Make a notepad yourself; it is a lot easier than you think! This tutorial will show you how to make a notepad from copy paper and chipboard, but you can use anything you have lying around the house – scrap paper and a cereal box (less wasteful!).
- Padding compound (alternatives are most craft glues)
- Small paintbrush (for dispersing padding compound)
- Clamps or heavy books
- Paper cutter (scissors will work in a pinch)
- Optional: MS Word or Adobe Illustrator (if you want a design)
Tutorial: Making a Notepad
Design – Using Adobe Illustrator
Using Adobe Illustrator, I made an 8.5”x11” artboard and split it into four even sections using guidelines.
I made .25” trim marks where I would be making the cuts.
I created the design I wanted and replicated it so that it was in the same position on each quarter of the page.
Then, I converted the design to a PDF and printed a test page as a borderless image.
- To print a PDF without margins, go to File > Print.
- On the Print dialog box, select Page Sizing > “Actual Size”.
- In advanced, choose Print as Image with a high DPI selected.

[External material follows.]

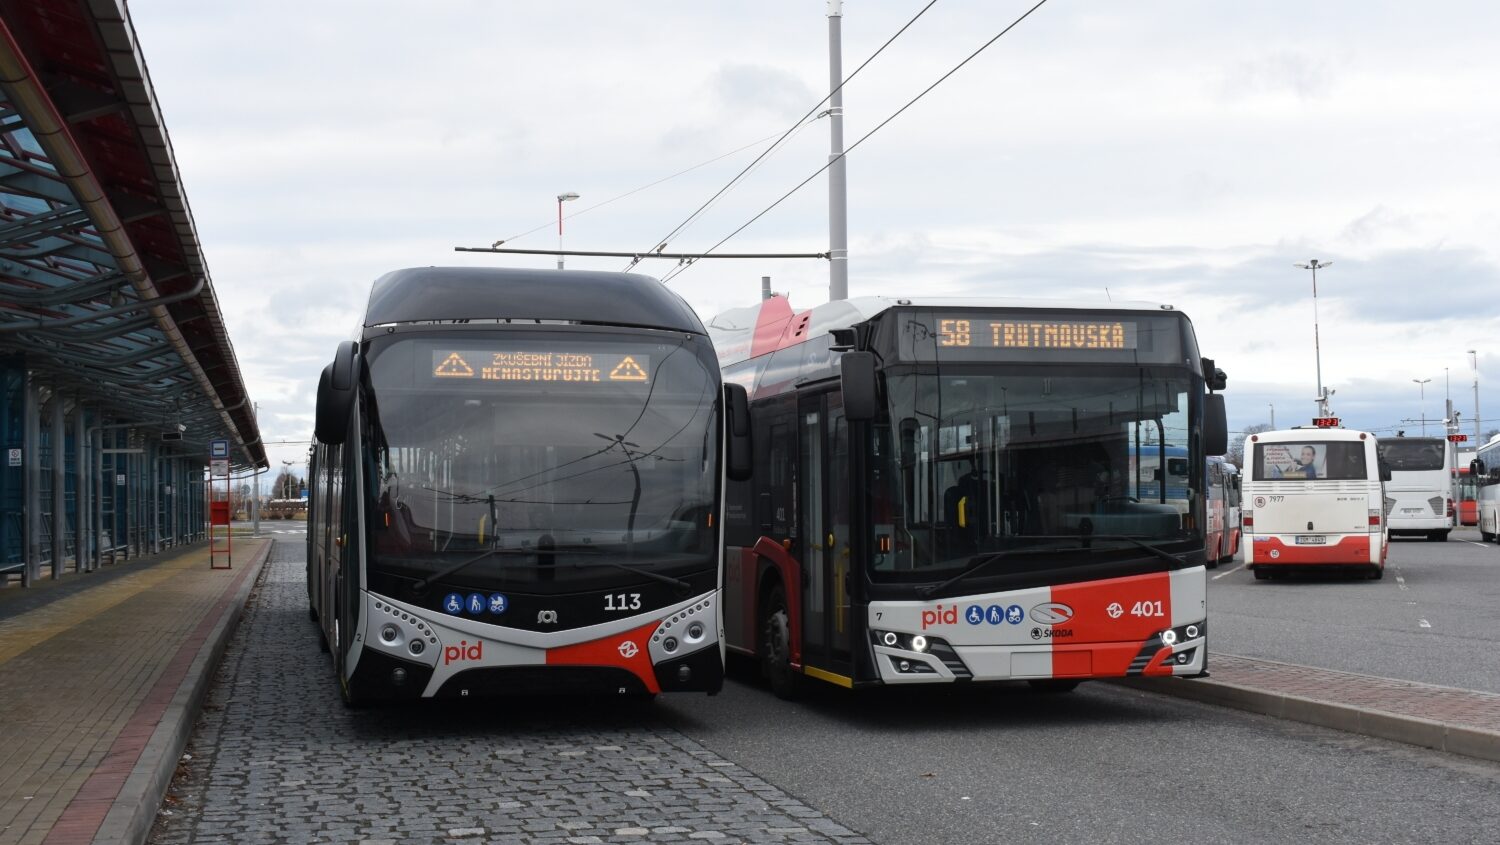 Trolejbusy mezi Prahou a Brandýsem čekají na stavební povolení

- Back in the Print dialog box, choose Page Setup.
- In Page Setup > Paper Size, choose Custom and set your margins to zero.
If you are using MS Word or similar, just make sure you distribute the design evenly in each quarter of the page and use borderless printing if your printer has that capability.
Cutting – Using a Paper Cutter
1. Cut test paper length-wise.
Place your paper length-wise on a paper cutter or trimmer and ensure that it looks straight when you line your paper up with the gridlines. Your cut should be 4.25”. This is where the trim marks come in. If your trim marks line up with the edge of the cutter, make the cut. Initially, I lined my paper along the top edge of the cutter and realized that it did not align with the gridlines nor did it align with my trim marks, which was slightly frustrating (keep that in mind if purchasing this paper cutter).
A note to let you know that you are not alone: It is easy to get irritated at your paper cutter, but knowing your cutter and practicing on it helps. This was my first time to use this particular cutter, so I may or may not have wasted 6 sheets of paper between figuring out my printer settings and making poor cuts. Knowing where the blade actually slices is important and is usually at the very edge of the board.
2. Turn, and cut test page width-wise.
After making the cut, stack the halves on top of one another and see if they line up. If not, check your print settings again. If so, line them up and cut your paper width-wise. Your cut should be 5.5”. Again, use your trim marks to make sure everything is lining up correctly.
After cutting, you should stack the four sections on top of each other and see if everything lines up.
3. Print and cut the rest of the pages.
When your design and cuts line up sufficiently, print more pages and prepare to cut those. I printed ten pages so that I would have 40 more sheets (I ended up with 44 pages if you count the test pages). I stacked about five pages on top of each other to cut at once, which worked for me. However, you may be able to cut more or less than that at a time depending your materials and tools.
When finished cutting all of the sheets of paper, I stacked them up to see if they were the same size.
4. Cut the chipboard for the back of the notepad.
Then, cut the 8.5”x11” chipboard into four equal sections that will line up with your sheets of paper. This should be the same process that you used to cut the paper.
Combining – Creating the Notepad
1. Line up your notepad by placing the sheets on top of the chipboard.
Next, line up your sheets of paper on top of one of your chipboard sections (tap against a table to line up). Place the pad near the edge of a table or counter with something underneath that you don’t mind getting padding compound on (it wipes off hard surfaces with soap and water, but I wouldn’t use my wood table without using parchment or wax paper in between).
2. Prepare to glue together using clamps.
Very carefully place heavy books or clamps on top of your pad, getting as close to the top of the pad as possible to avoid the top of the pad getting wavy. Place a thick piece of cardboard or similar between the pad and the clamps to prevent creasing your papers. To avoid ruining your books, wrap a piece of paper around them before putting them on the pad.
3. Bind using padding compound.
Using padding compound, brush a thin layer onto the end and allow to dry for about ten minutes. Make sure you are brushing the side of the notepad that you intended.
When it dries, use 2-5 thin-to-medium layers and wait 10-15 minutes between each layer, making sure it is dry before painting on another layer. When the final coat is dry, rip off the top page of the notepad if it has padding compound on it. If you have any pieces of paper that noticeably stick out, use scissors or an Exacto blade to trim them.
4. Enjoy the notepad that you made yourself!
Finally, the notepad is now ready to use! I stamp the back of mine with a great stamp I custom ordered from here (I love it!). You could also glue a magnet to the back for the refrigerator.